MS CRM Dynamics Online and claim based authentication

MS CRM 4.0 implementation often involves customization. This customization might be custom web application that open up inside CRM or some content from CRM that opens up in the web applications. If the customizations reside on the same machine as CRM then authentication is not an issue. However at times its is imperative that these custom applications reside on separate servers. This requirement would increase with custom applications pulling data from CRM moving to the cloud. There would be an increased requirement for  single sign on or claim based authentication using windows identity foundation. Moreover incase of custom application the security considerations of end users can only be satisfied with a robust security provider in place.

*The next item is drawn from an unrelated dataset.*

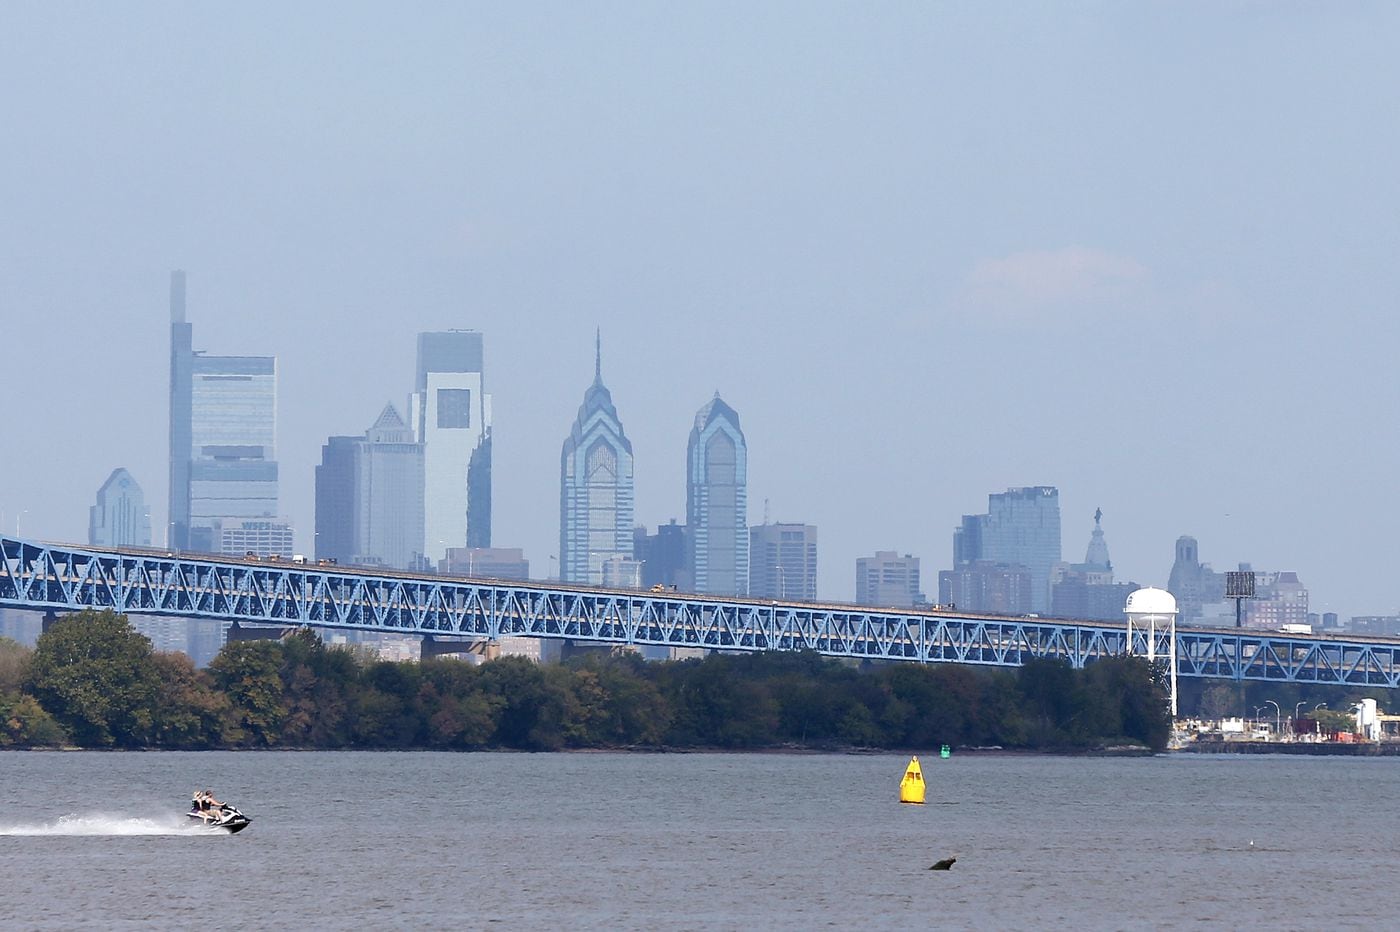 Philadelphia temperature tops 90 on an October day for first time in 78

The purpose of this article and ones to follow in this series is to configure STS between the IP and RP. In this post I will configure a web application on windows azure and then will use Microsoft Federation Gateway as the IP by establishing STS between the application and STS service. This would enable the authentication of our azure application to be handled by third party identity provider and would also enable using windows live Id to log into our application. As the token received would be based on the live Id it can be used for claim based authentication. Unfortunately CRM Dynamics does not support claim based authentication so we will be using the SDK class ‘Wlidticket’ for the generation of ticket to be used for accessing CRM service. The only problem is that for the generation of this ticket we will have to use the LiveId and password. Ideally we should have used the claims for subsequent calls to CRM service and this is what we would do with CRM 2011 in the next article. This is huge because it would mean that external application would have a windows Live login and they will be able to pull up CRM data without having to store user credentials. Many of the applications I have seen today are rejected by consumers because they either require multiple logins or they store user credentials. However that is for the next article. In this blog we will have to live with what is available in CRM Dynamics online. Before we start with the actual scenario I just want to highlight that we are using the federation gateway so that we could use windows live authentication service and this requires WIF. If you are not hosting application on windows Azure then you can also use RPS (Relying Party Suite). Anyways so lets get to setting up our windows azure application and configuring STS. Usually service account is used for accessing the CRM service so setup the live id for the service account in CRM online. In-order to enable impersonation on CRM online assign the proxy role to the service account.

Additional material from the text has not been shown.